The Joint Commission
The Joint Commission was founded in 1951 as the Joint Commission on Accreditation of Hospitals. Their mission is to observe normal conditions onsite, evaluate the performance, and address standards of healthcare organizations and hospitals in the United States. They are an independent, not-for-profit organization that works to gauge patient care and safety, how medications are handled and dispensed, and control of infection and contamination, and they currently evaluation over 20,000 locations.
Why is Joint Commission Accreditation Important?
The Joint Commission evaluates health care institutions, works to enhance the care and safety standards, and publishes their finding and allows public comments on their website.
What is the Accreditation Process?
An unannounced survey is conducted onsite every 24 to 36 months (depending on the type of hospital or lab) to observe and critique the everyday standards of care and patient safety. The survey and standards are set by a team of industry experts, medical professionals, and government officials.

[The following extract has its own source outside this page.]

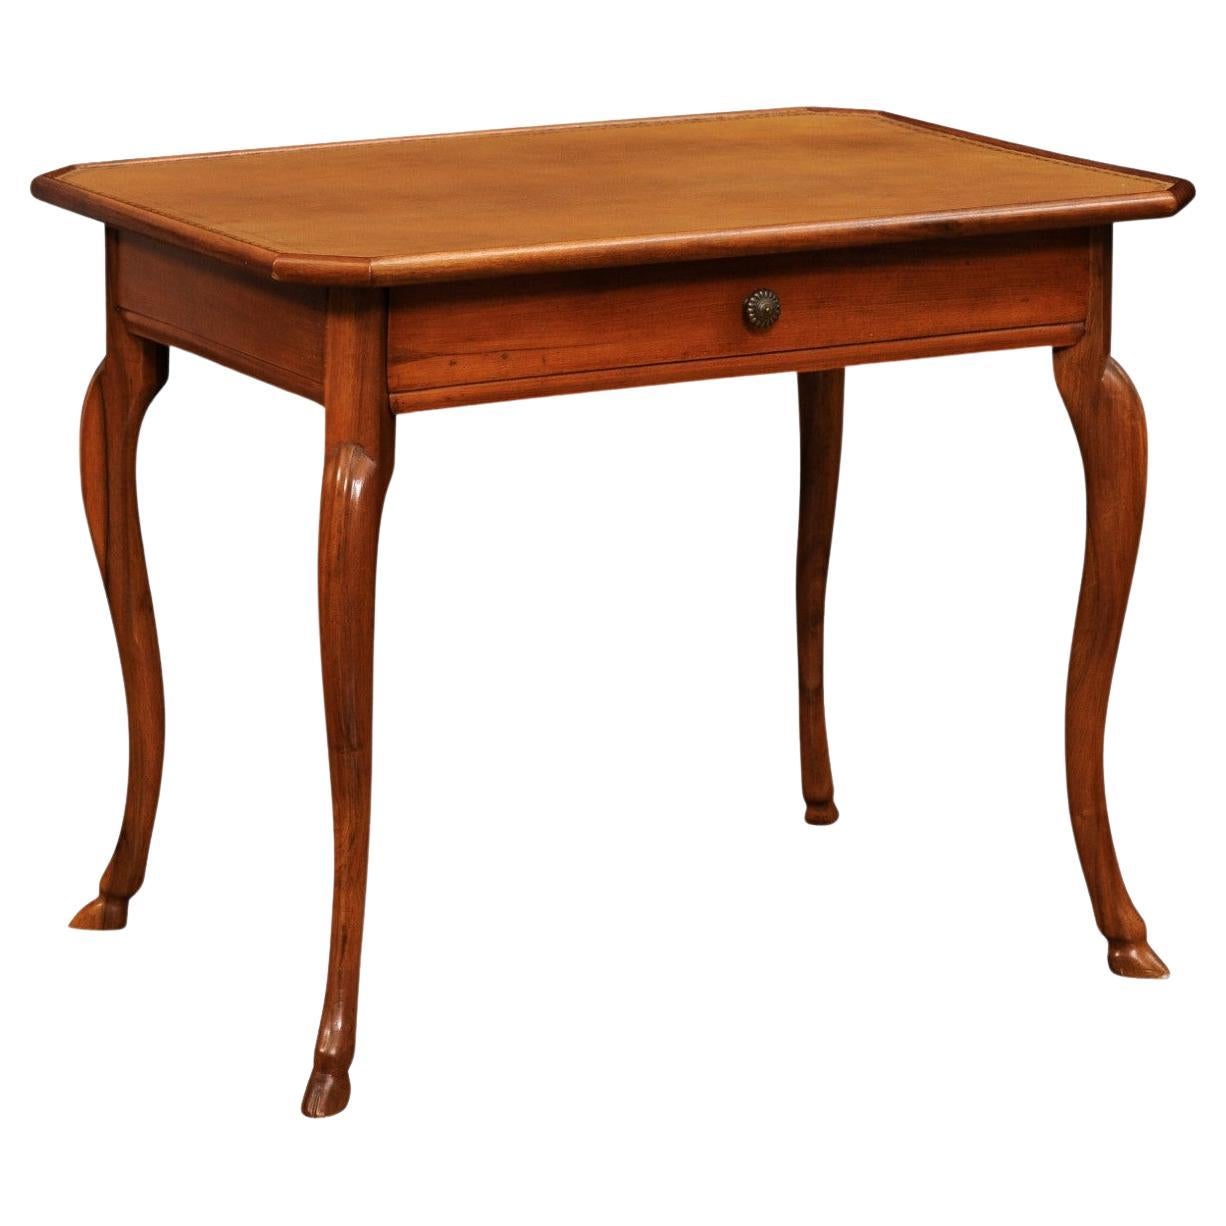 French Louis XV Period 1750s Walnut Desk with Leather Top and Cabriole Legs

What Does it Mean to Be Accredited?
Most state governing bodies require accreditation to receive a license or be eligible for Medicaid reimbursements. Accreditation also ensures best practices are being followed, keeps an organization competitive and relevant to industry standards, and provides patients and their families with comfort and confidence in how they conduct business.
Who Do They Evaluate?
- General hospitals
- Senior living, nursing homes, and long-term care facilities
- Psychiatric and rehabilitation facilities
- Labs, pharmacies, and medical equipment suppliers
- Behavioral healthcare providers
Overall, the Joint Commission provides the answer to those looking for a peek under the tent into how everyday standards and routines are followed in health care institutions. They are looking and listening to what happens every day in hospitals and are always evaluating and sharing information to continue to raise the bar on how we practice medicine.